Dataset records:
━━━━━━━━━━

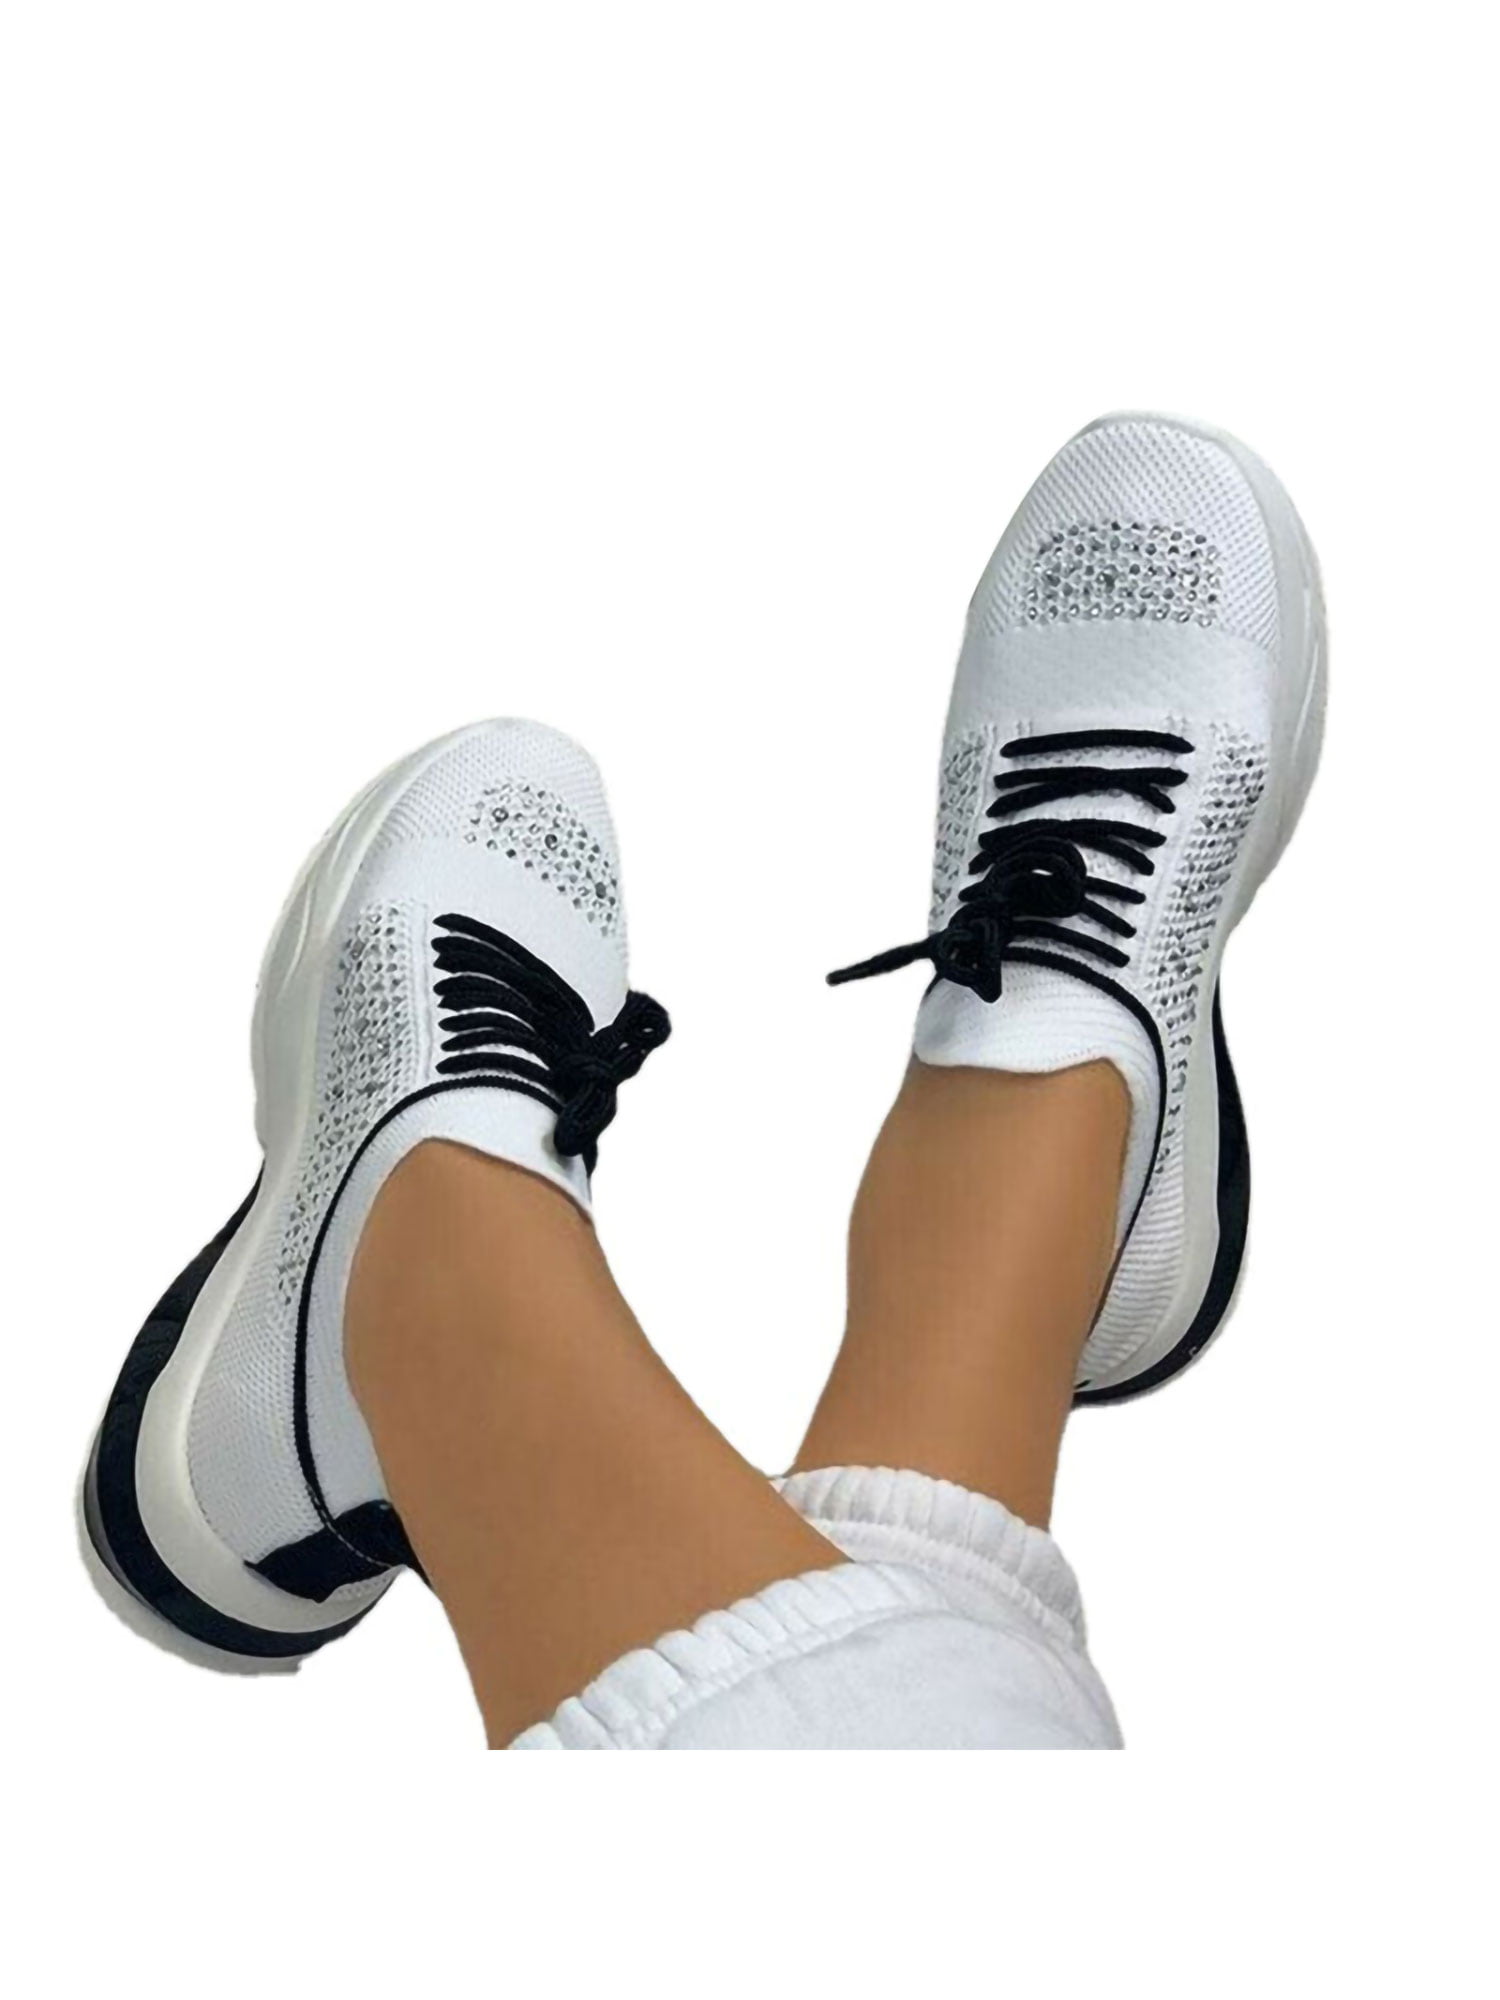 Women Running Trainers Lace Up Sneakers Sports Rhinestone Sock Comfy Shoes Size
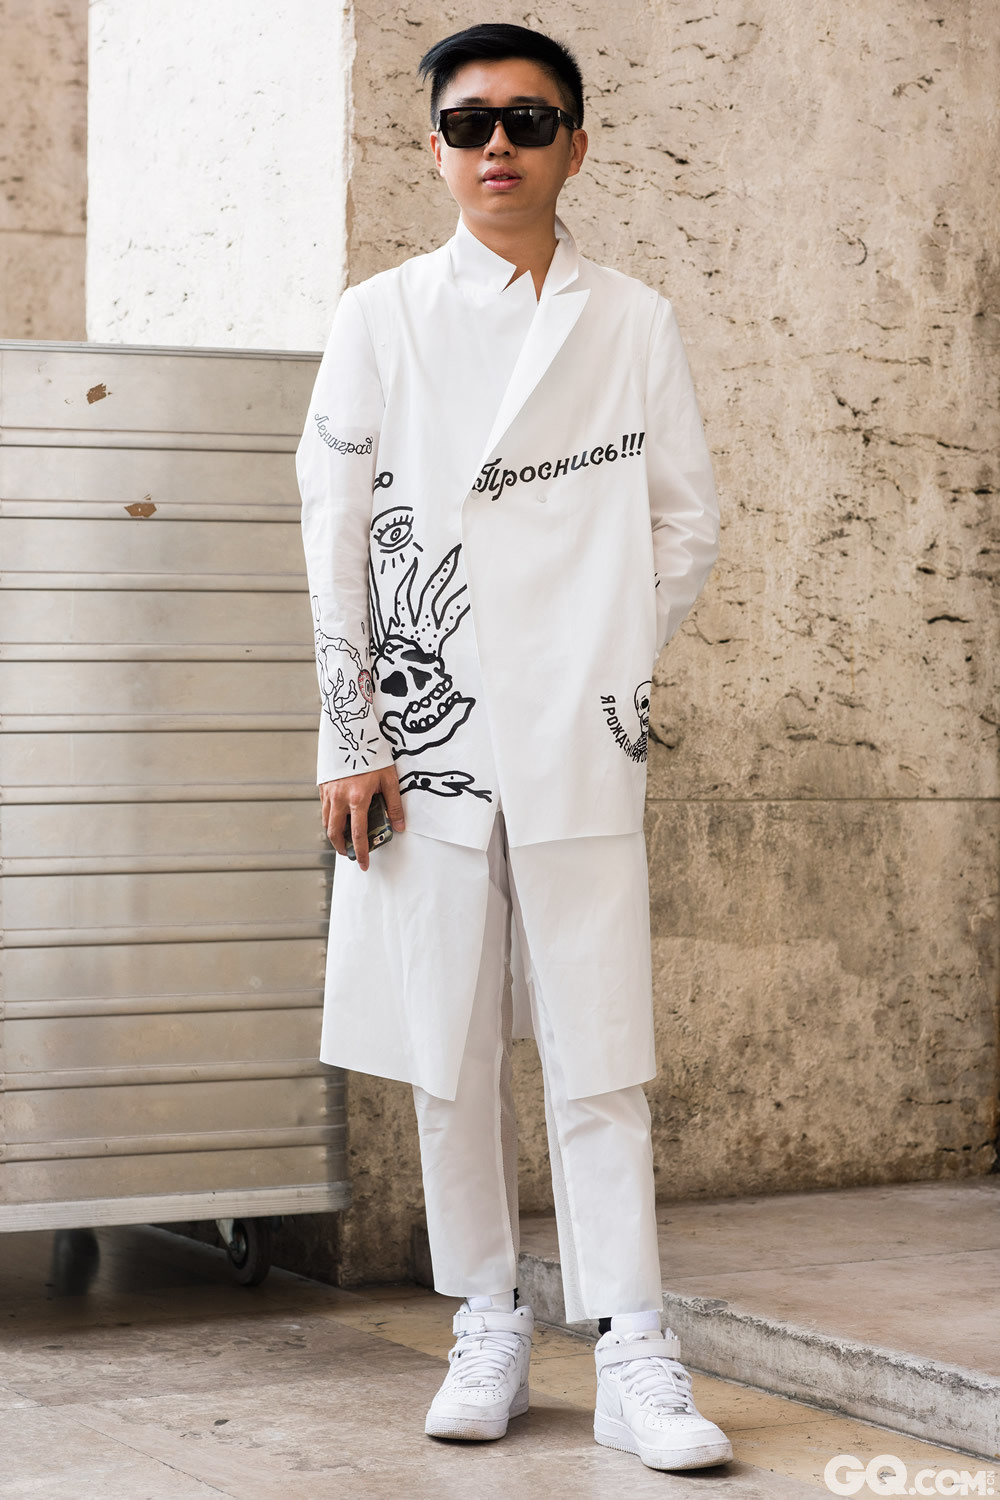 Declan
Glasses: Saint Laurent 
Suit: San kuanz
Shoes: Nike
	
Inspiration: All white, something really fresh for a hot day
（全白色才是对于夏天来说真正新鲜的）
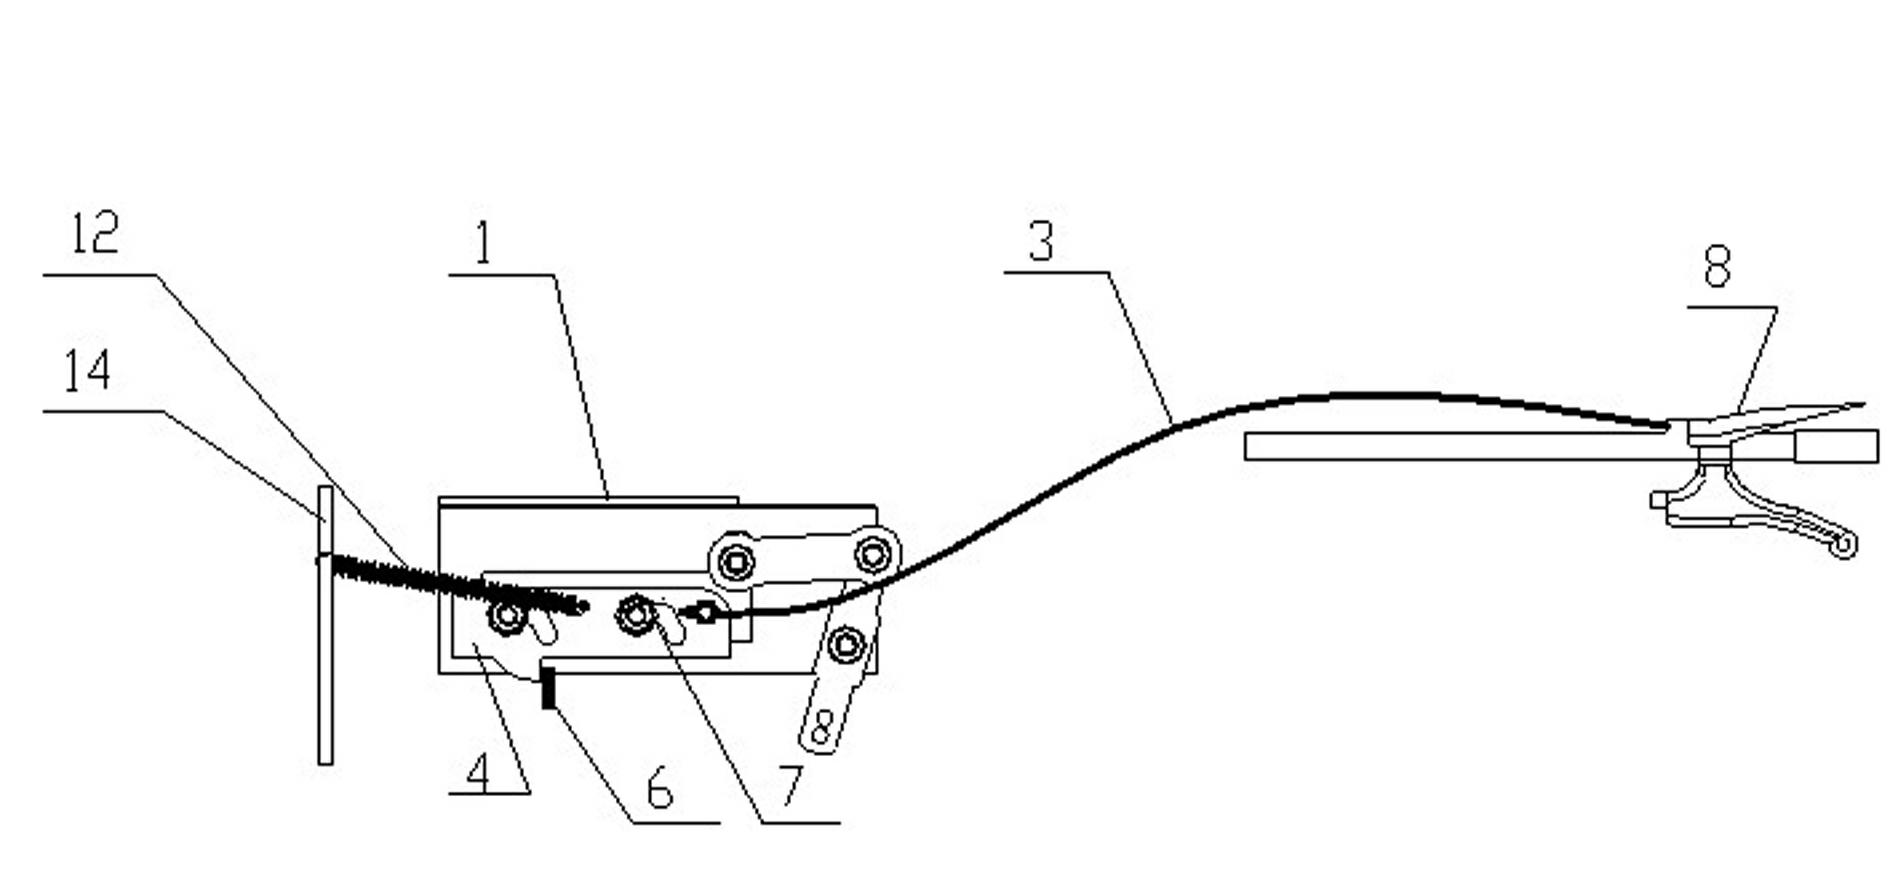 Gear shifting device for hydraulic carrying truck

━━━━━━━━━━

Repeat exactly the lines from the one containing "Inspiration: All white, something" to the last line of the records above, including both, and leave out any pictures.

Inspiration: All white, something really fresh for a hot day
（全白色才是对于夏天来说真正新鲜的）
 Gear shifting device for hydraulic carrying truck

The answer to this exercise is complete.